**Work required**
Each line from the one holding "Bintang het grote biermerk in Indonesië" to the last line of the listing must be set down exactly. No pictures are to be included.

**Stored data**
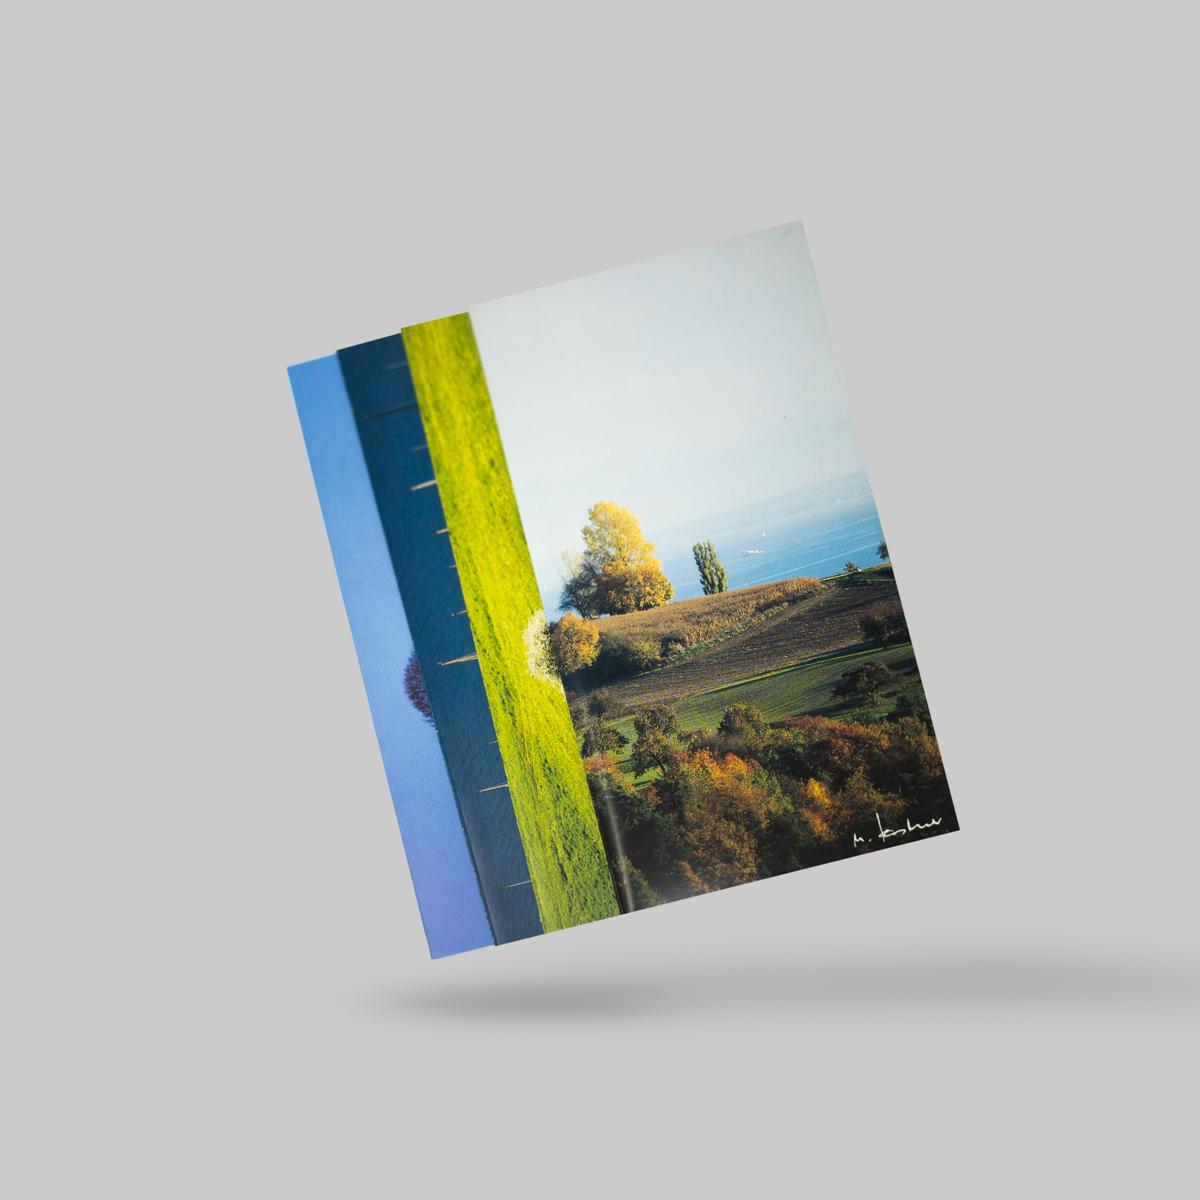 Fotokarten-dinlang-manfred-kastner
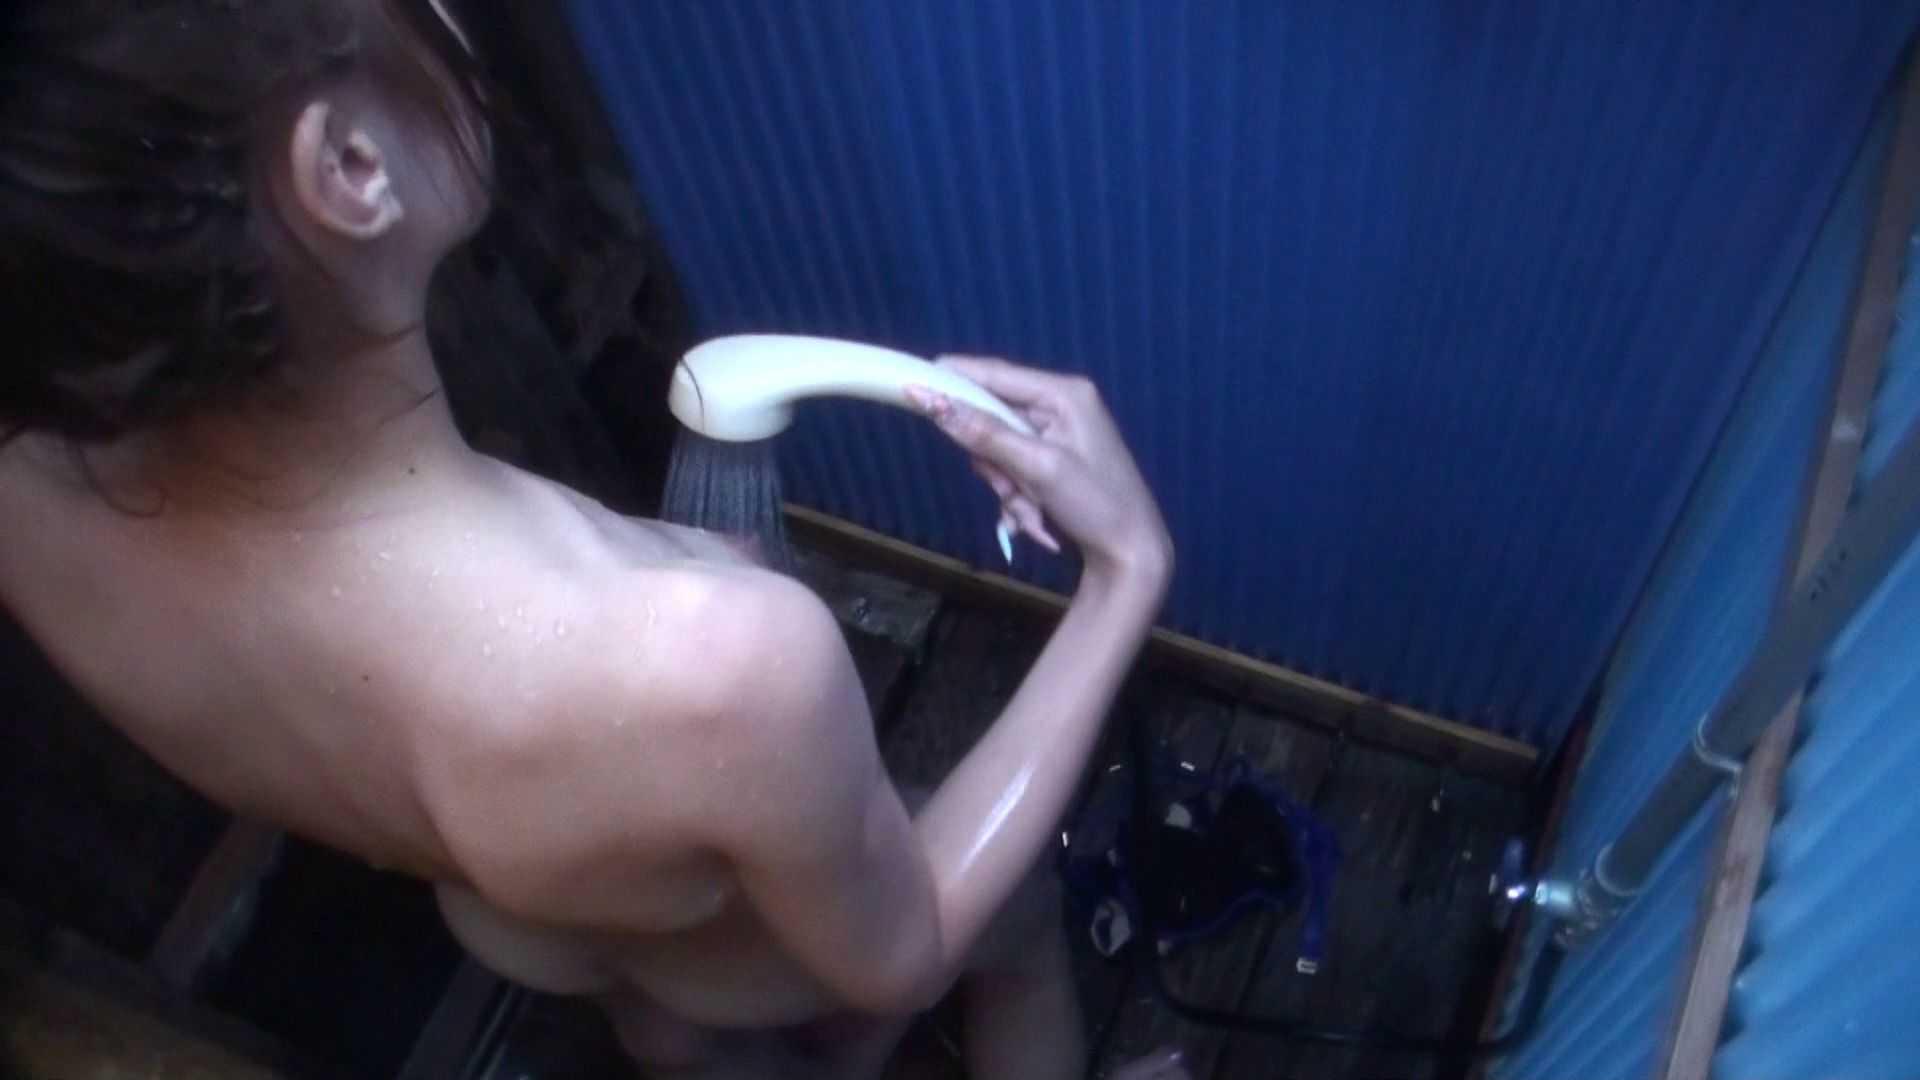 シャワールームは超!!危険な香りVol.9 可愛い顔してやることは大胆です OLの実態   シャワー  95pic 52
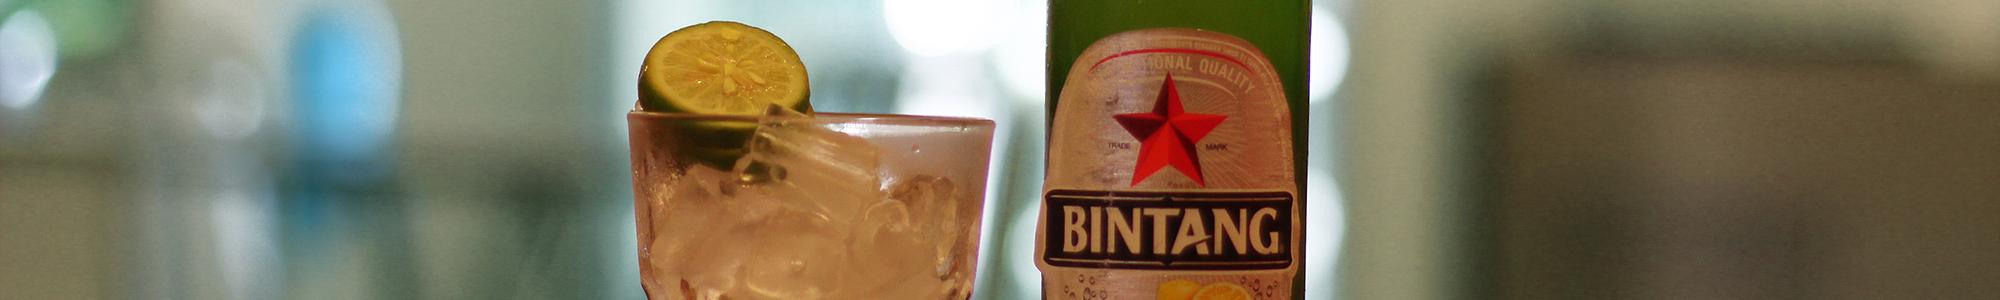 Bintang het grote biermerk in Indonesië
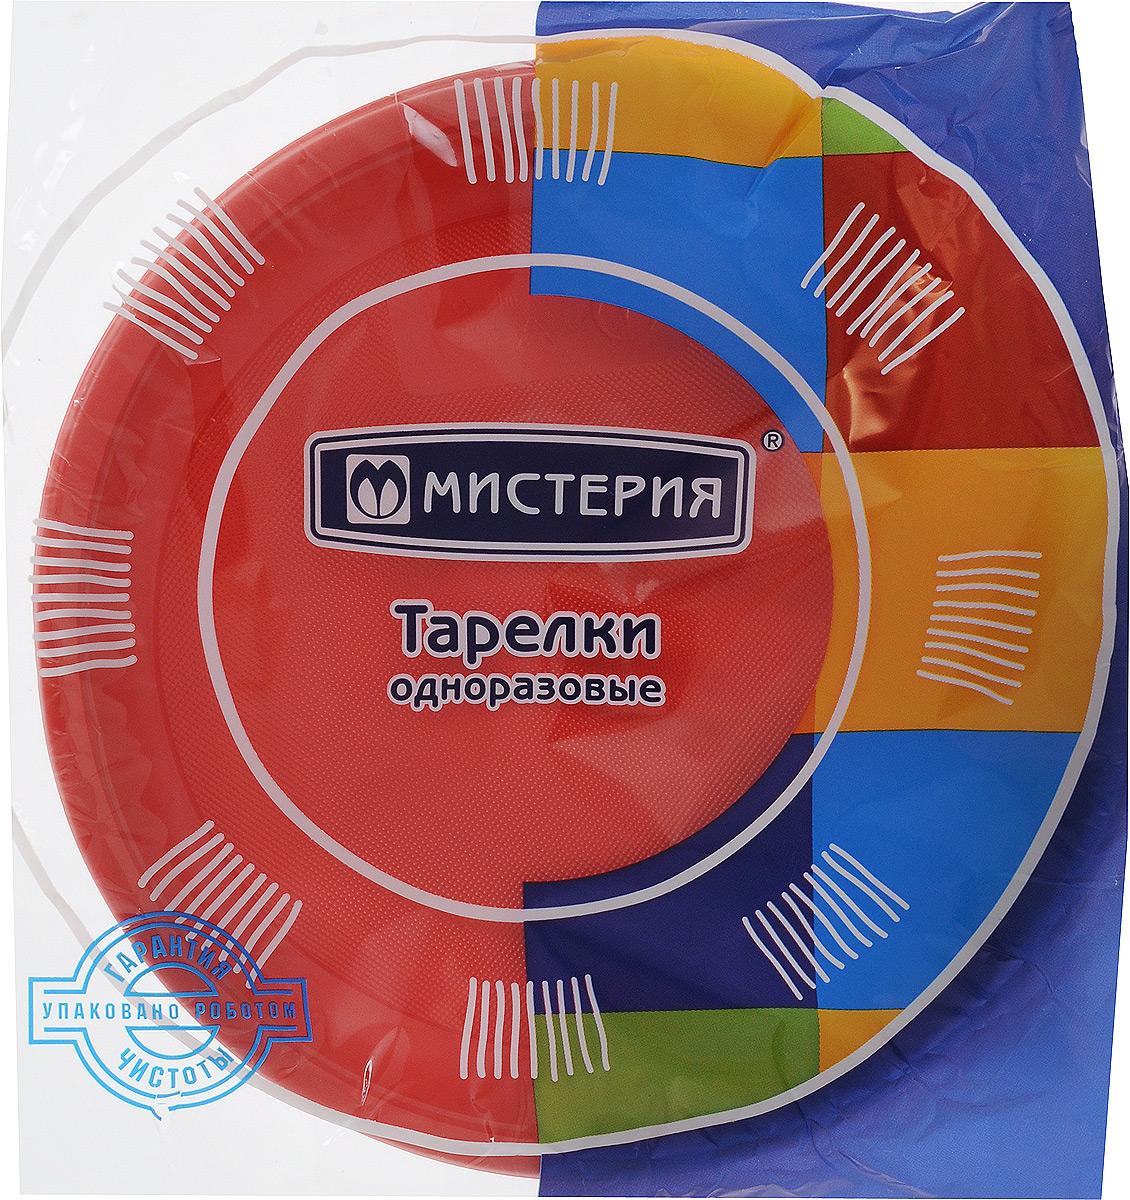 Набор одноразовых тарелок Мистерия, цвет: красный, диаметр 21 см, 12 шт183240Набор Мистерия состоит из 12 круглых тарелок, выполненных из полистирола и предназначенных для одноразового использования. Подходят для холодных и горячих пищевых продуктов. Одноразовые тарелки будут незаменимы при поездках на природу, пикниках и других мероприятиях. Они не займут много места, легки и самое главное - после использования их не надо мыть. Диаметр тарелки: 21 см. Высота тарелки: 1,5 см.

**Reply**
 Bintang het grote biermerk in Indonesië
 Набор одноразовых тарелок Мистерия, цвет: красный, диаметр 21 см, 12 шт183240Набор Мистерия состоит из 12 круглых тарелок, выполненных из полистирола и предназначенных для одноразового использования. Подходят для холодных и горячих пищевых продуктов. Одноразовые тарелки будут незаменимы при поездках на природу, пикниках и других мероприятиях. Они не займут много места, легки и самое главное - после использования их не надо мыть. Диаметр тарелки: 21 см. Высота тарелки: 1,5 см.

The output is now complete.